━━━ COLLECTED DATA

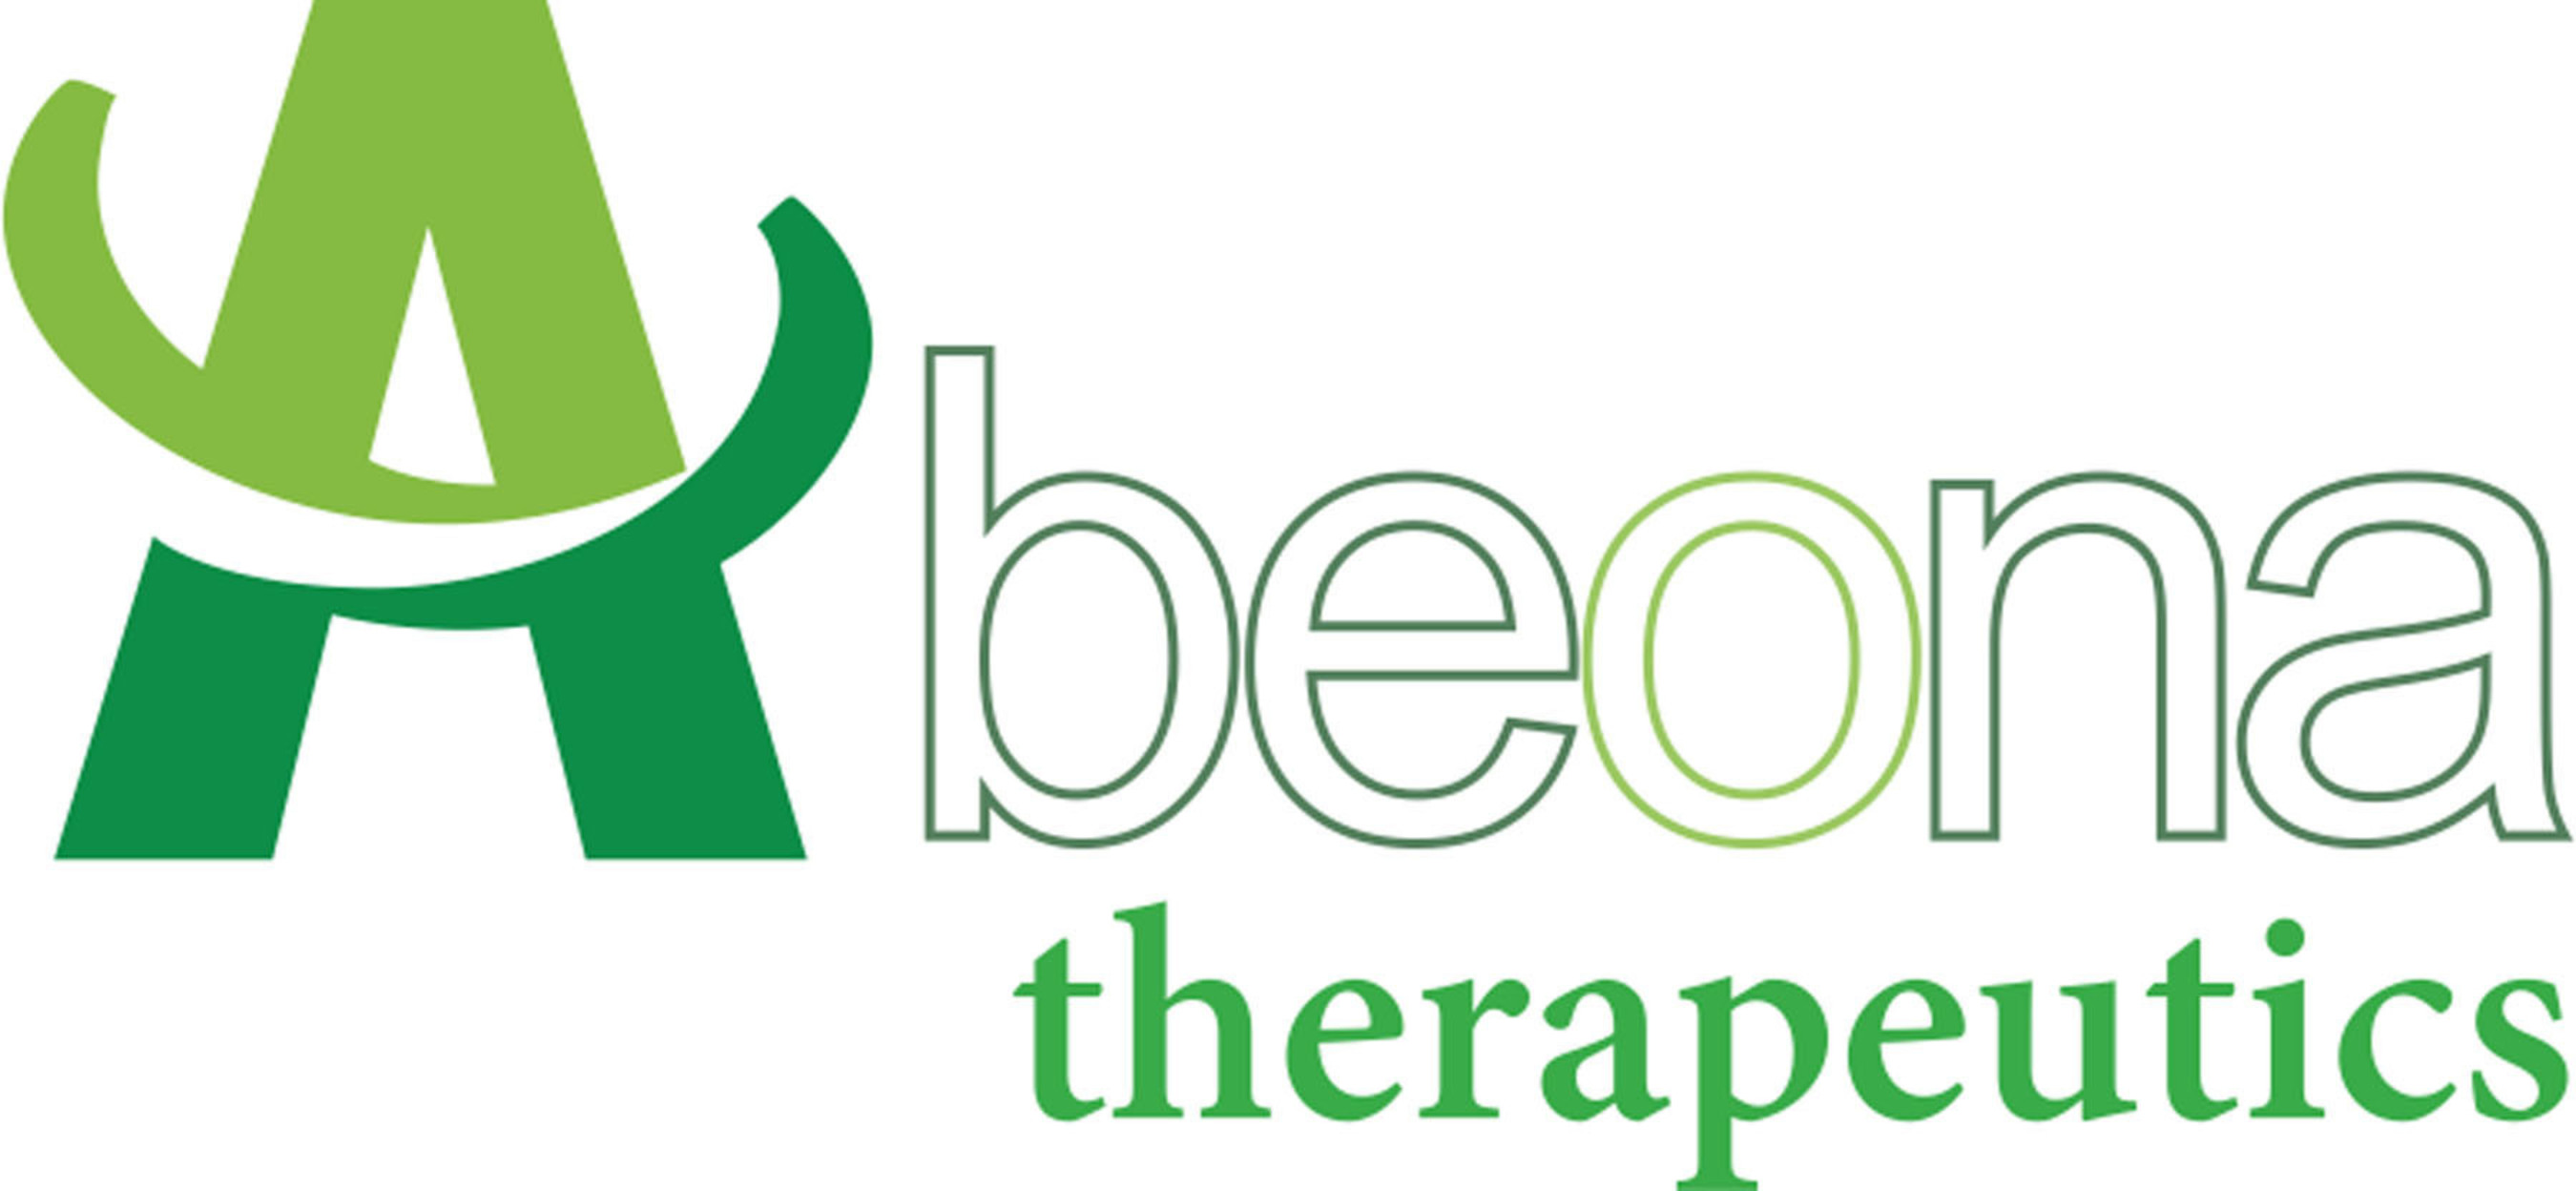 Abeona Therapeutics Logo.
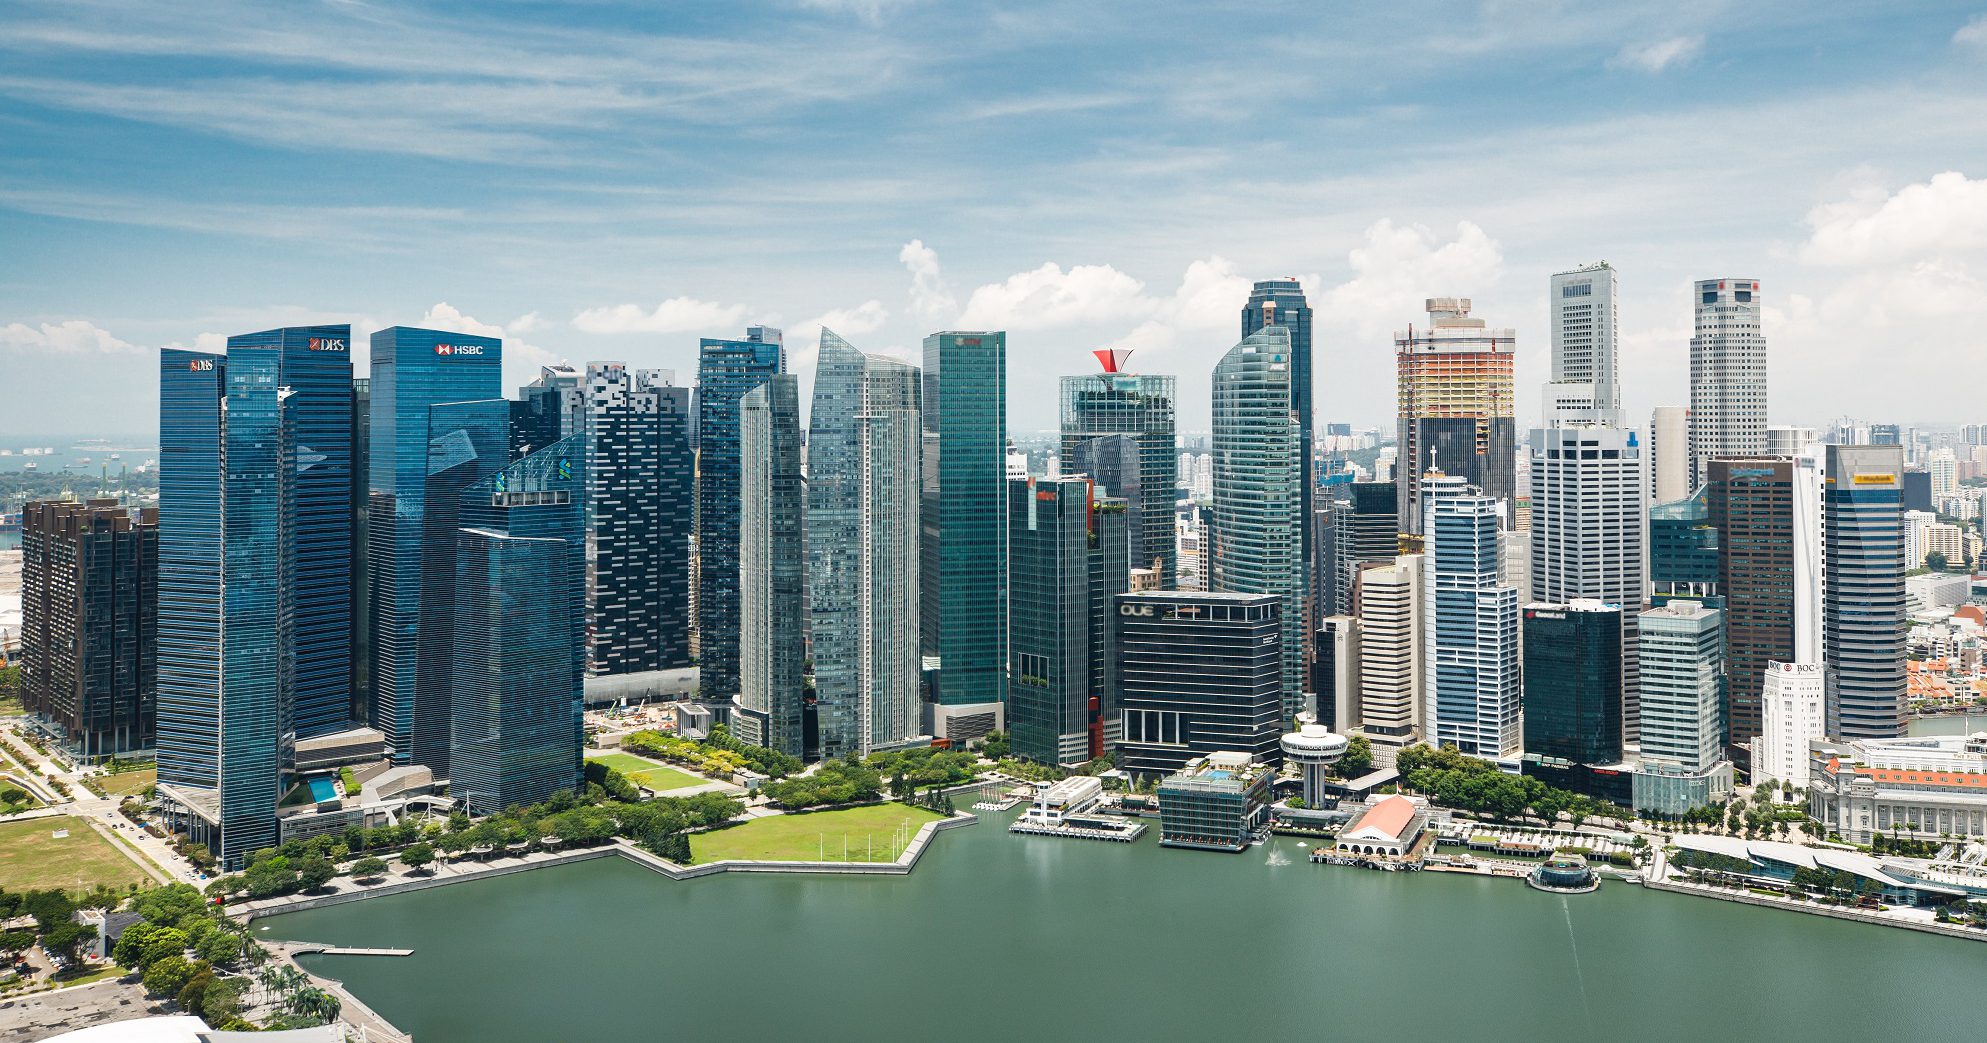 CBD skyline Singapore
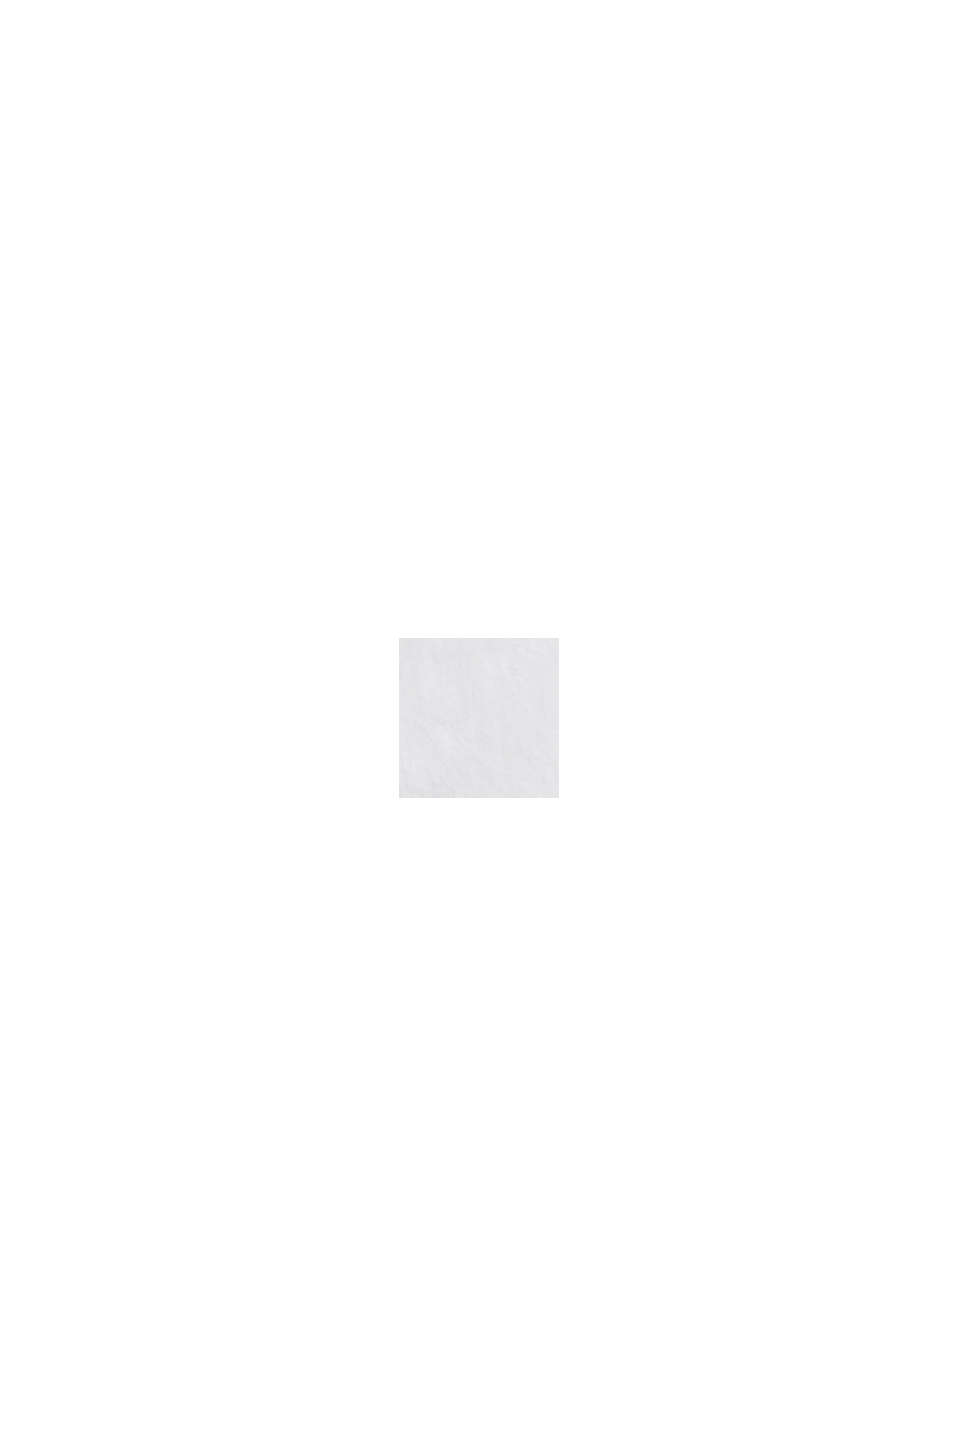 ESPRIT x Rest & Recreation Capsule Oxford Shirt, WHITE, swatch

━━━━━━

In the reply, each line of the data must appear exactly as written, and no picture may appear.

» FINISHED TASK
 Abeona Therapeutics Logo.
 CBD skyline Singapore
 ESPRIT x Rest & Recreation Capsule Oxford Shirt, WHITE, swatch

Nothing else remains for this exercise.